§ **DESCRIPTION OF THE TASK**
Copy exactly, and copy nothing else: the line that contains "Vintage Adidas Sweatshirt Black Small" and all lines after it in the listing, without pictures.

§ **PROVIDED DATA**
= Beginning of Section =

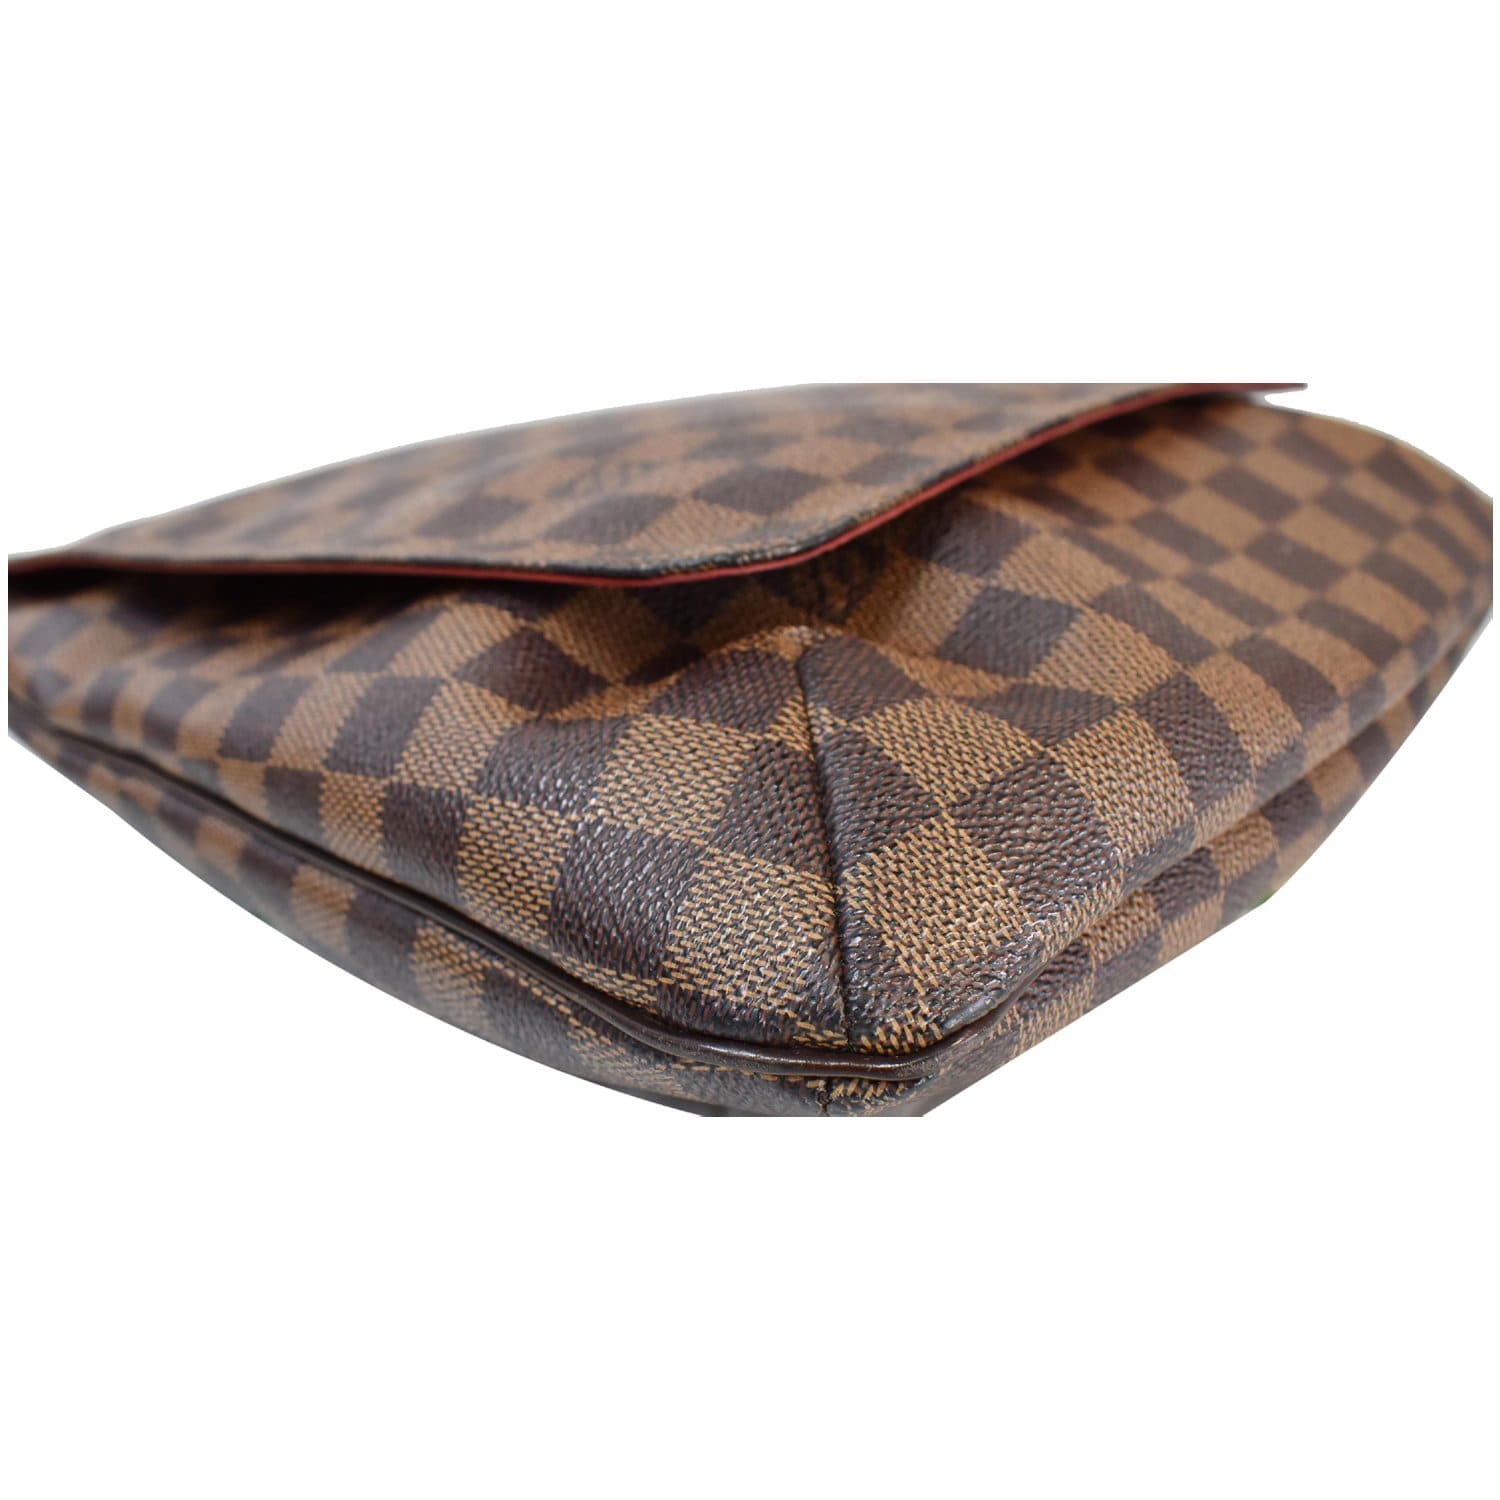 Authentic Louis Vuitton Musette Salsa GM Monogram Shoulder bag brown #16919
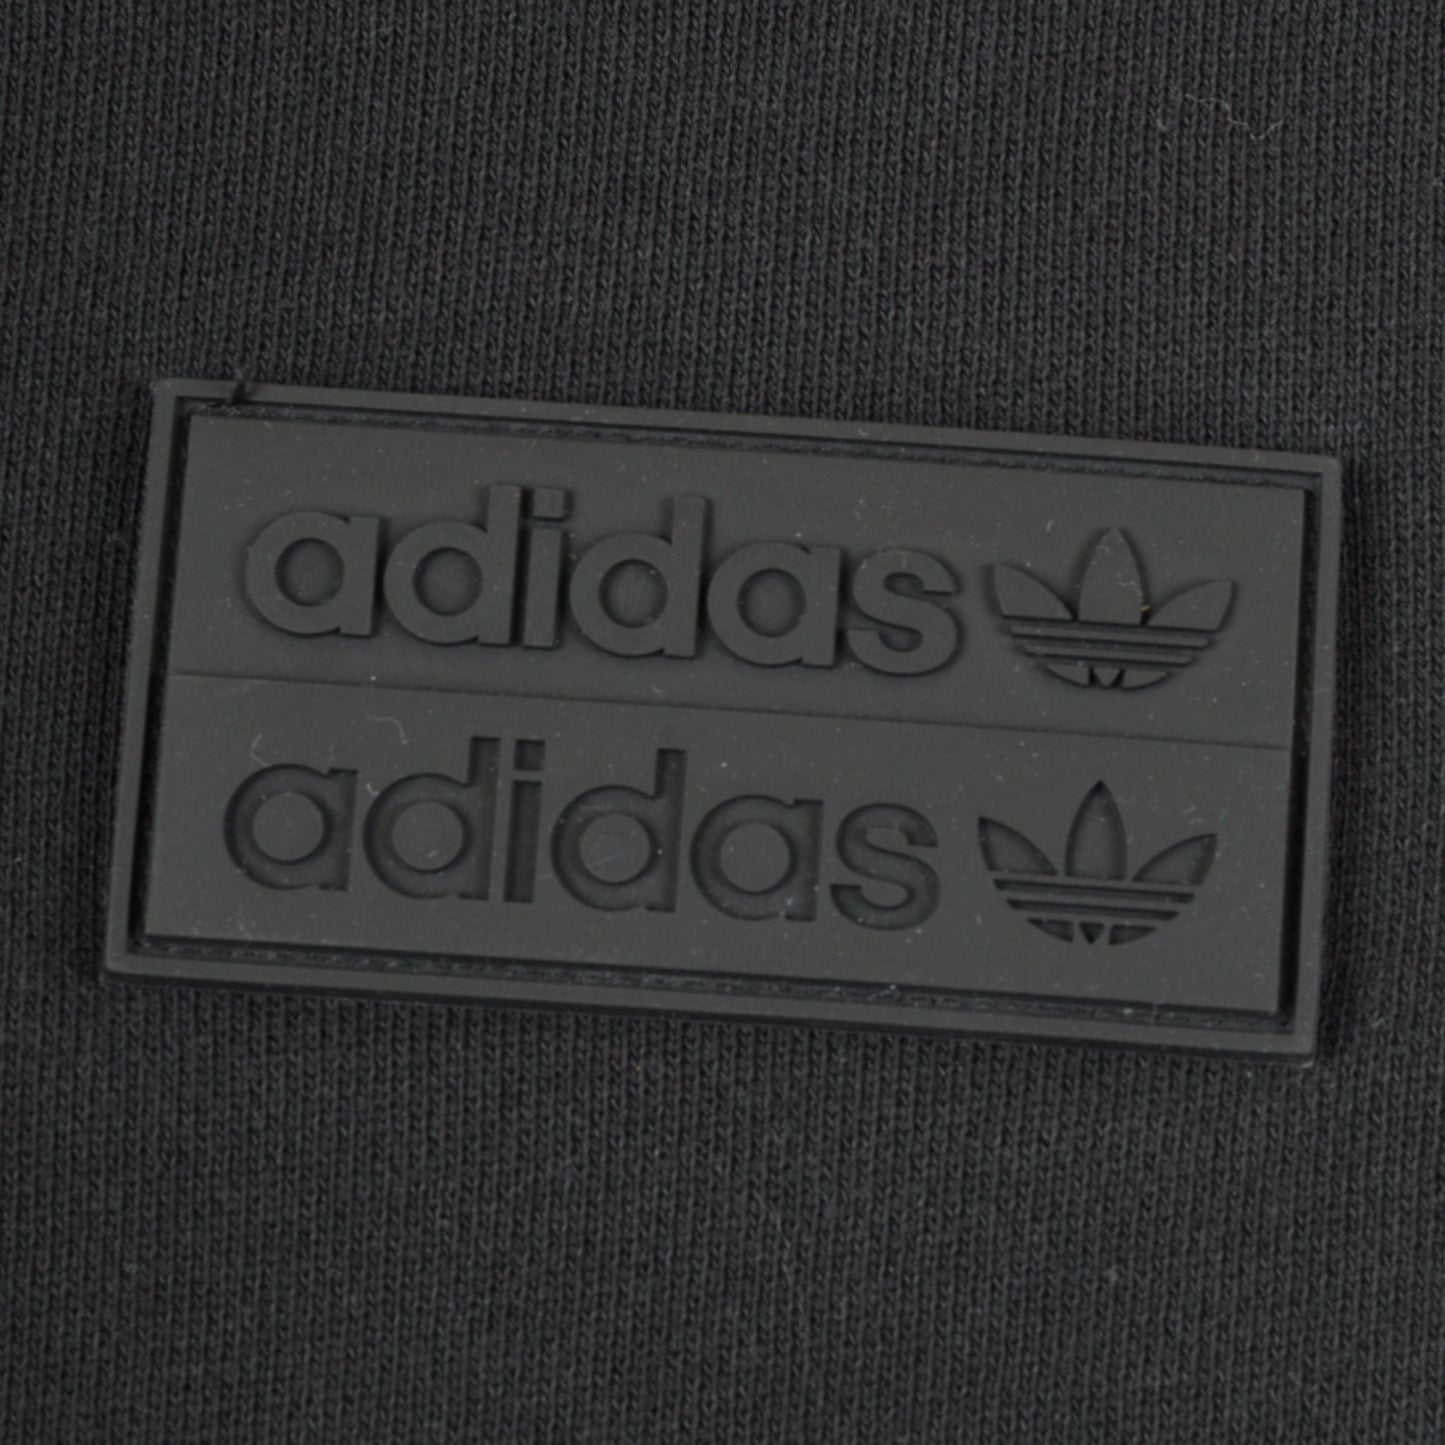 Vintage Adidas Sweatshirt Black Small
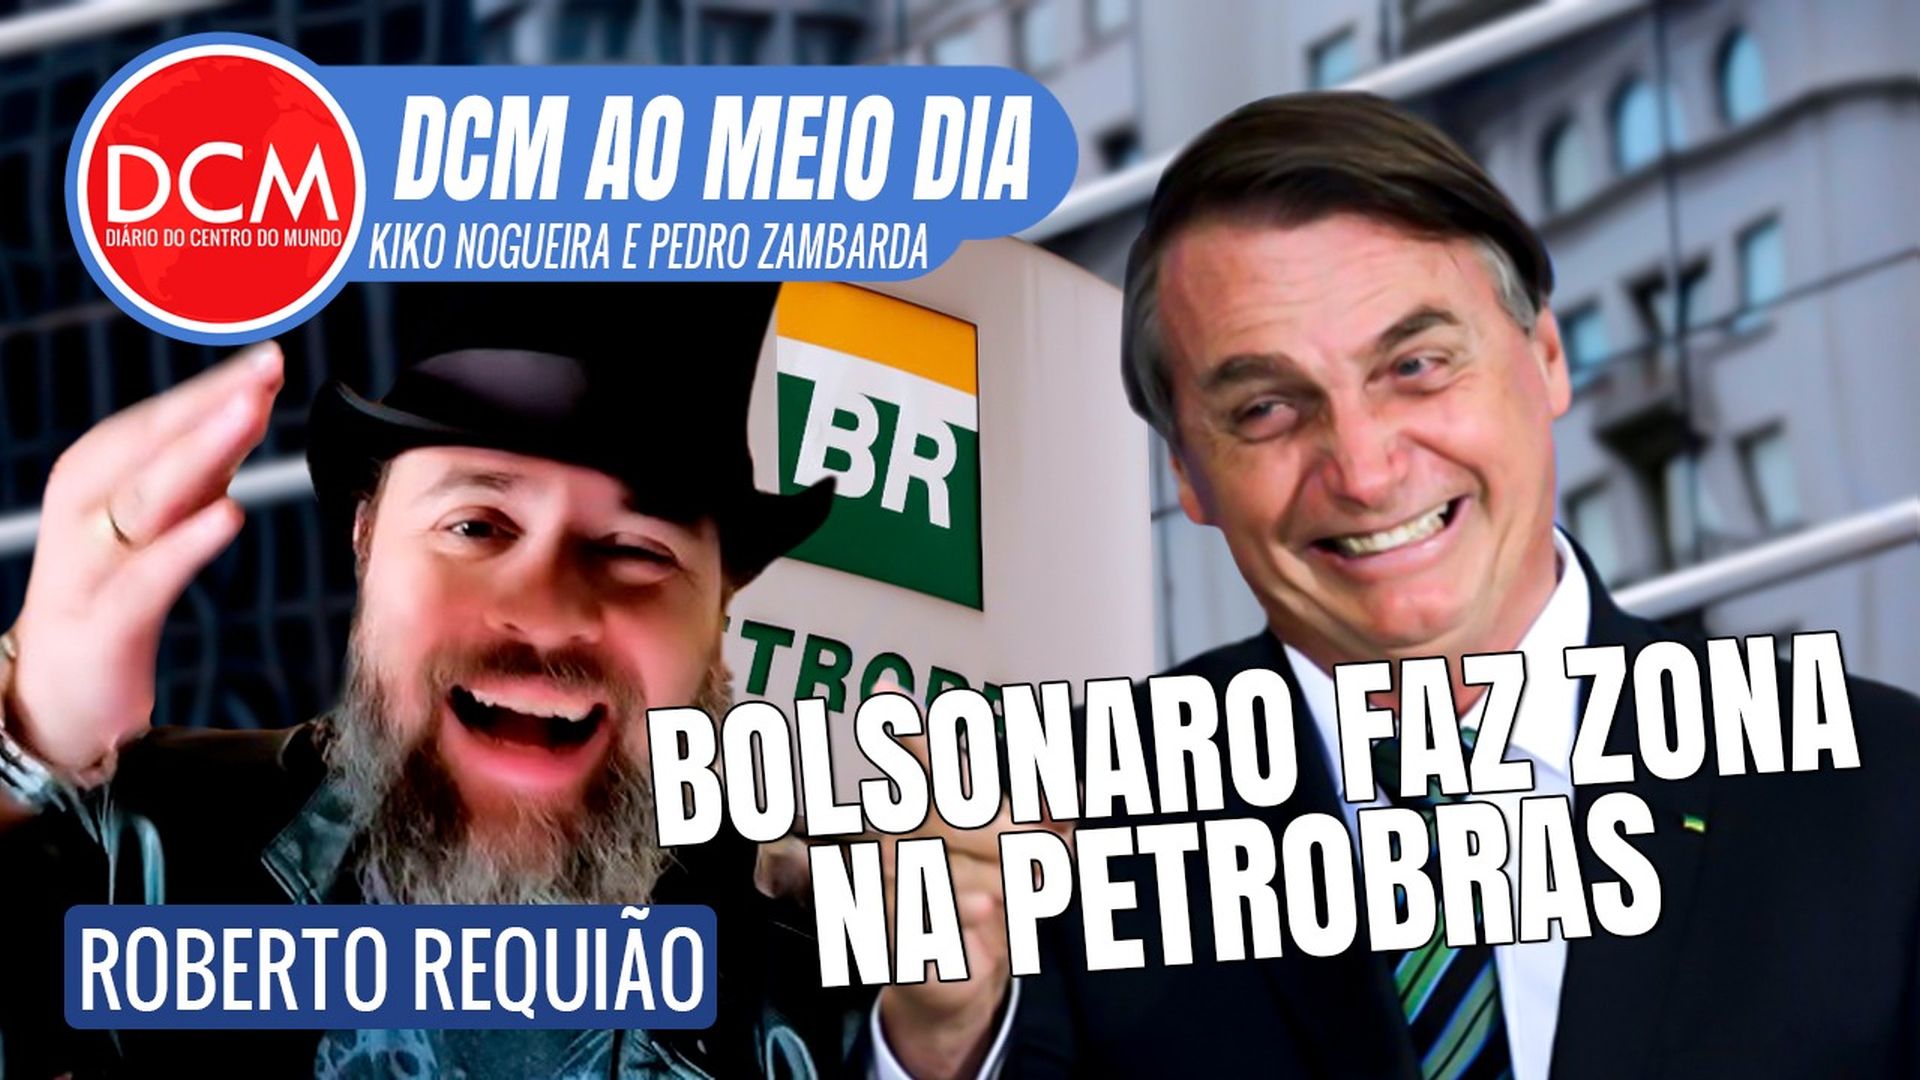 DCM Ao Meio-Dia: Nando Moura revela reunião de Moro com MBL: “broxou”; Requião fala de Petrobras e Bolsonaro

= End of Section =

§ **ANSWER TO THE PROBLEM**
 Vintage Adidas Sweatshirt Black Small
 DCM Ao Meio-Dia: Nando Moura revela reunião de Moro com MBL: “broxou”; Requião fala de Petrobras e Bolsonaro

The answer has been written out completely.